At 30 days, the composite primary endpoint of mortality and new MI was significantly less common in the immediate-treatment group (4.3% vs. 13.0%; hazard ratio, 0.32). Mortality was the same in both groups (5 patients; 3%). The difference was driven by the significantly larger number of nonfatal MIs in the delayed-treatment group (16 vs. 2).

The advantage of early treatment held at 1 year, with significantly lower rates of death and new MI in the immediate-treatment group (16.8% vs. 18.8%). This was entirely driven by early events; there was no significant difference after the first 30 days.

A composite secondary endpoint of death, new MI or recurrent ischemia, was also significantly lower in the immediate-intervention group at 30 days (6.8% vs. 26.7%) and 1 year (15.4% vs. 33%).

A multivariate regression analysis controlled for demographics, past medical history, prior coronary procedures, and electrocardiogram changes.

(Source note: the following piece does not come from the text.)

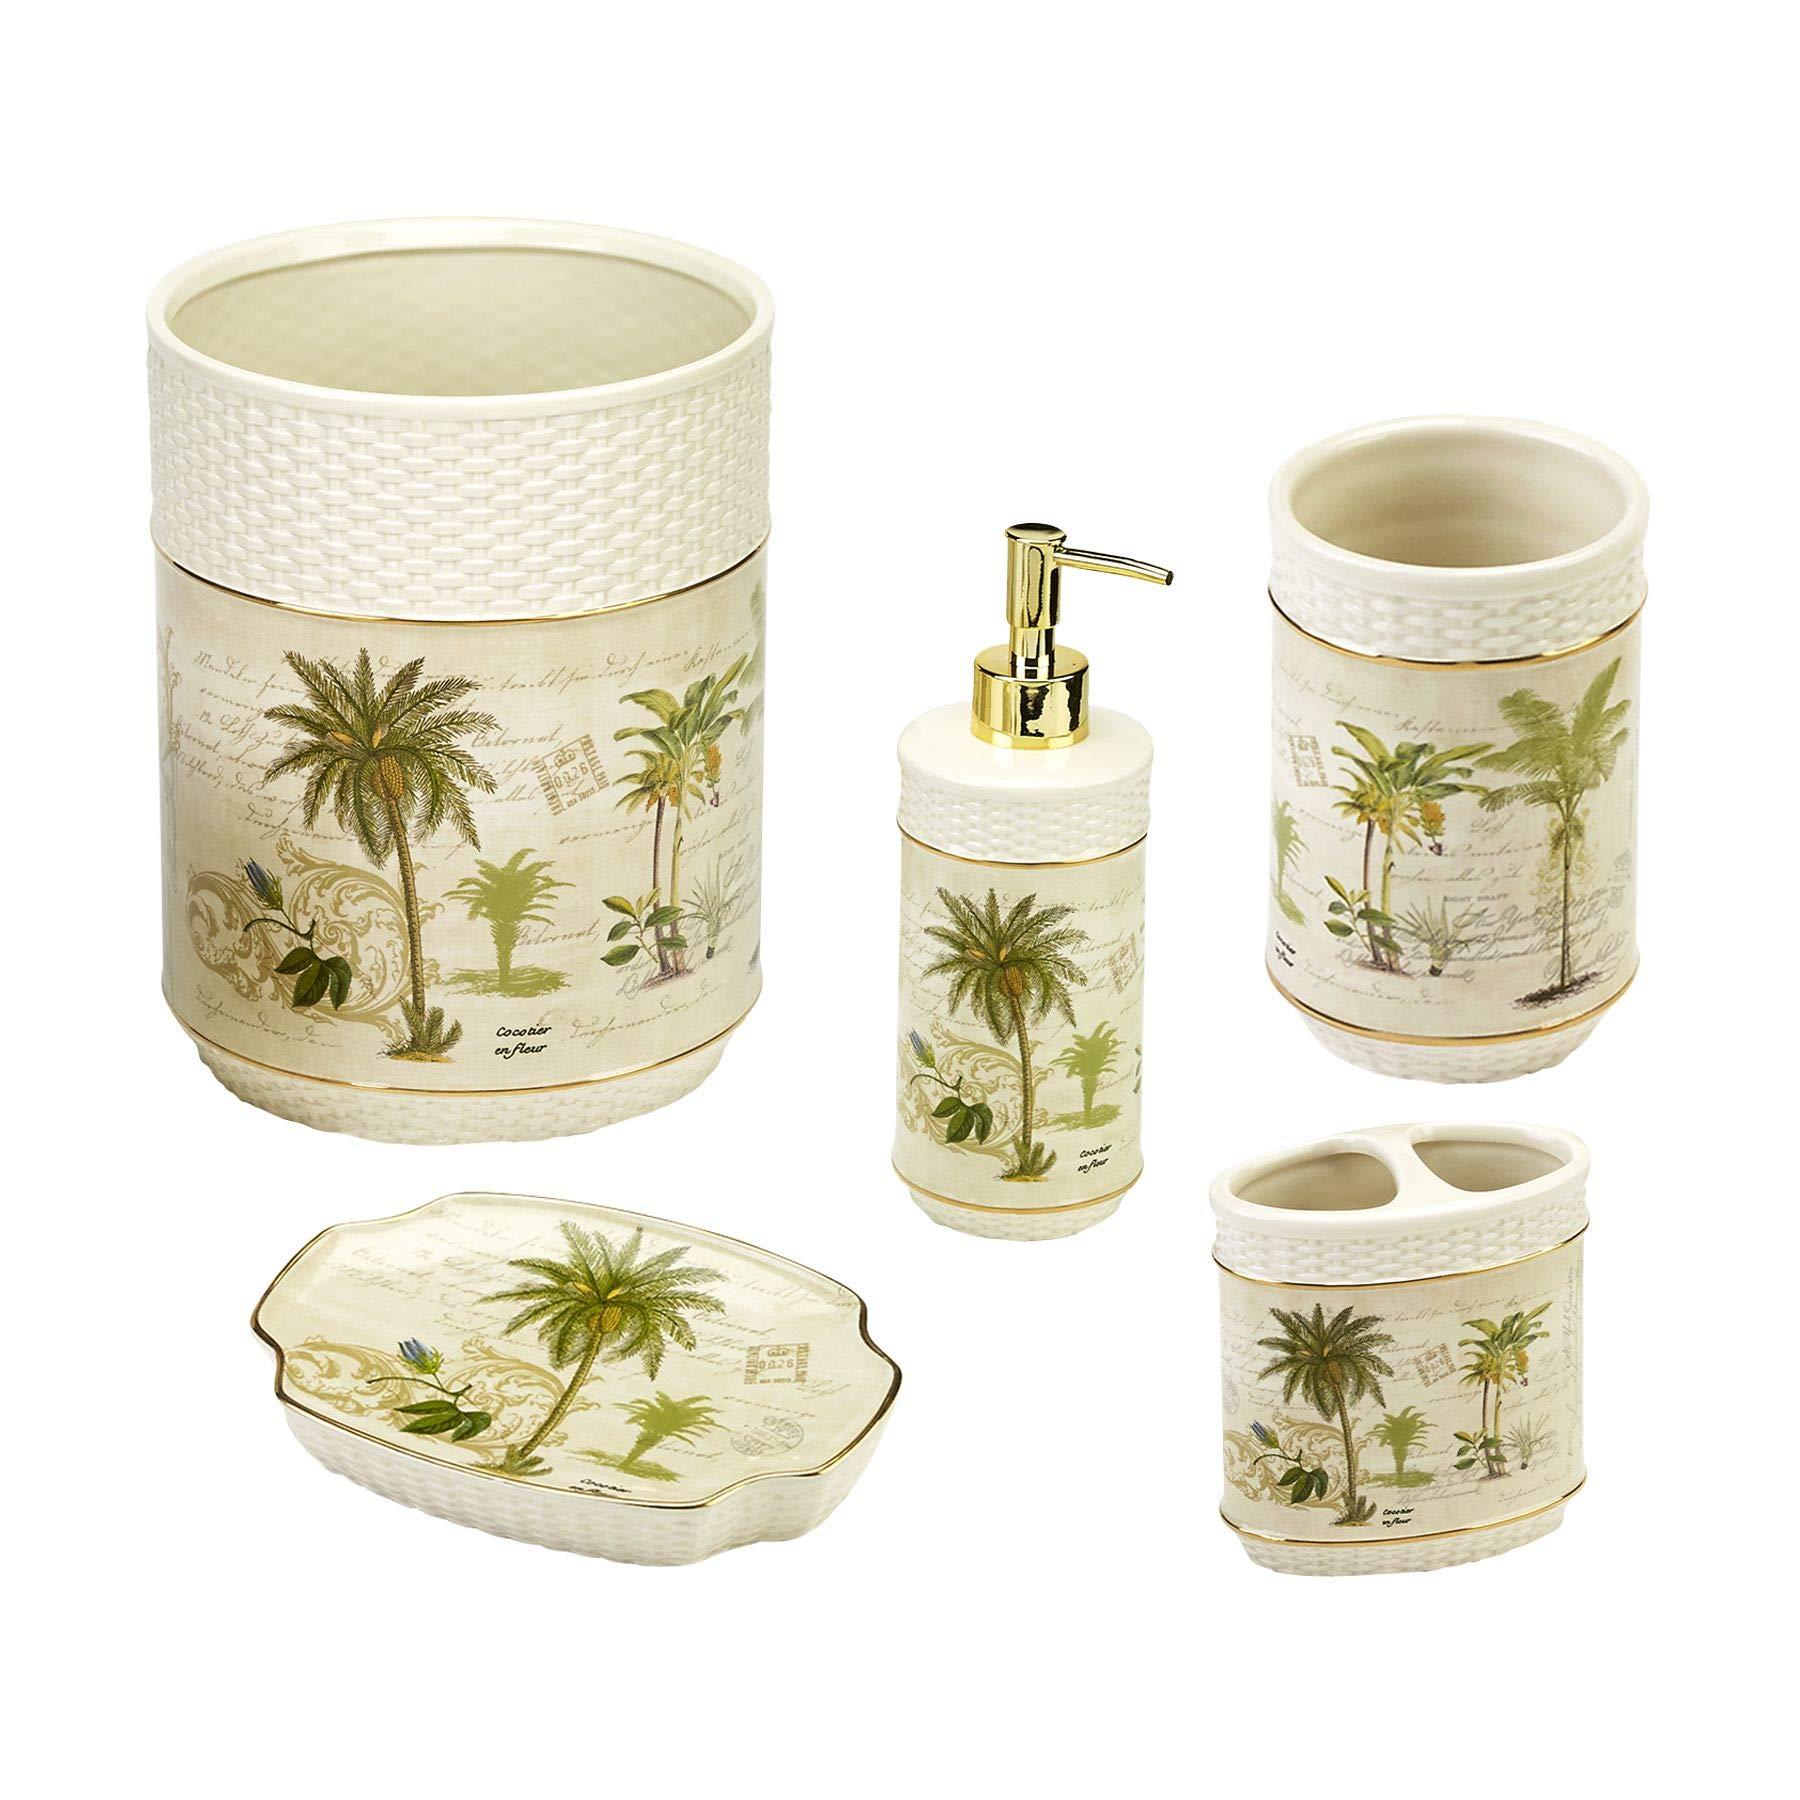 Avanti Linens Colony Palm 5 Piece Bath Accessory Set - Ivory Tumbler, Toothbrush Holder, Soap Dish, Loption Pump, Wastebasket,

After considering these variables, immediate treatment was associated with a 62% reduction in the chance of a new MI within 30 days (HR, 0.42; P = .052).

There was no between-group difference in major bleeding, which was low both at 30 days and 1 year. One patient in the immediate-treatment group and two in the delayed-treatment group needed a transfusion. One intracranial bleed occurred in an immediately treated patient. Four patients in the delayed treatment group were treated for gastrointestinal bleeding.

The authors had no financial declarations.